First-Line Management of Hypertension
Lifestyle modification is the first line of antihypertensive treatment for all patients with hypertension, followed by pharmacological therapy when blood pressure remains ≥140/90 mmHg despite lifestyle changes. 1, 2
Lifestyle Modifications
Lifestyle modifications are essential and should include:
- Salt reduction: Limit to approximately 2g sodium per day (equivalent to 5g salt)
- Healthy diet: Follow DASH or Mediterranean diet rich in fruits, vegetables, whole grains, and low-fat dairy products
- Weight management: Target healthy BMI (20-25 kg/m²) and waist circumference (<94 cm in men, <80 cm in women)
- Physical activity: At least 150 minutes/week of moderate-intensity aerobic exercise (30 min, 5-7 days/week) plus resistance training 2-3 times/week
- Alcohol moderation: Maximum 100g/week of pure alcohol (approximately 7-12 standard drinks)
- Smoking cessation: Complete cessation of tobacco use
These lifestyle interventions can reduce blood pressure by 5-10 mmHg and enhance the effects of pharmacological treatment 1, 2.
Pharmacological Therapy
When lifestyle modifications alone are insufficient to achieve blood pressure control:
First-line medications include:
- ACE inhibitors (e.g., enalapril)
- Angiotensin receptor blockers (ARBs) (e.g., candesartan)
- Calcium channel blockers (CCBs) (e.g., amlodipine)

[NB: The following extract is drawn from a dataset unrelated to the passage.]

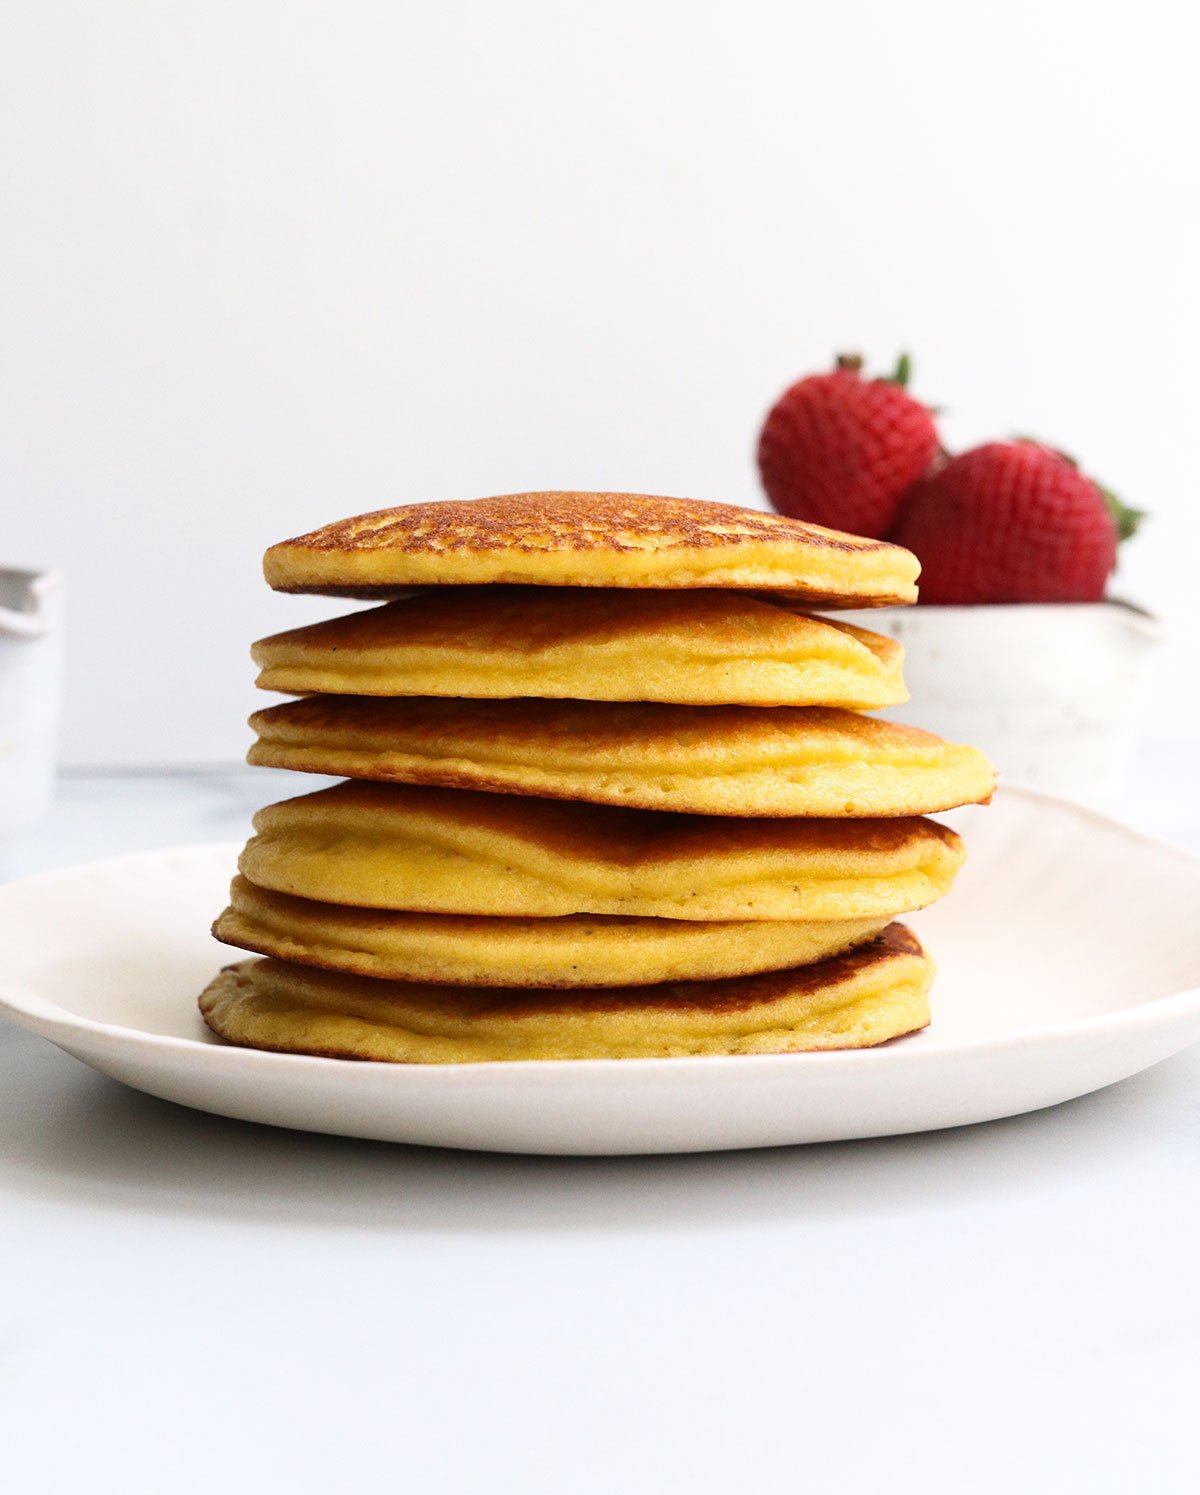 almond flour pancakes stacked on white plate.

- Thiazide or thiazide-like diuretics (e.g., hydrochlorothiazide, chlorthalidone)
Treatment thresholds:
- Initiate pharmacological therapy when BP ≥140/90 mmHg for most patients
- Consider earlier initiation (BP 130-139/80-89 mmHg) for high-risk patients (10-year CVD risk ≥10%)
Treatment targets:
- <130/80 mmHg for adults under 65 years
- 120-129 mmHg systolic for adults ≥65 years (if tolerated)
Special Considerations
- Combination therapy: More than 70% of hypertensive patients will eventually require at least two antihypertensive agents for adequate blood pressure control 2
- Renal disease: ACE inhibitors or ARBs are preferred first-line agents in patients with albuminuria (≥30 mg/g creatinine) 1
- Race: Black patients may benefit from calcium channel blockers as first-line therapy 2
- Elderly patients: More gradual dose titration with careful monitoring for orthostatic hypotension 2
Common Pitfalls
- Inadequate lifestyle counseling: Many clinicians underemphasize the importance of lifestyle modifications
- Therapeutic inertia: Failing to intensify treatment when blood pressure goals are not met
- Medication combinations: Never combine ACE inhibitors with ARBs due to increased risk of hyperkalemia and acute kidney injury without added benefit 2
- Monitoring: Failing to monitor renal function and electrolytes when using ACE inhibitors or ARBs 2
- Adherence: Poor medication adherence affects 10-80% of hypertensive patients and is a key driver of suboptimal BP control 1
Follow-up
- Follow up within 2-4 weeks after starting or changing medications
- Monitor blood pressure, renal function, and electrolytes regularly
- For patients on ACE inhibitors, ARBs, or diuretics, check serum creatinine/eGFR and potassium at least annually 1, 2
Remember that lifestyle modifications should be continued even when blood pressure-lowering medications are prescribed, as they enhance the efficacy of pharmacological therapy and provide additional cardiovascular benefits 2, 3.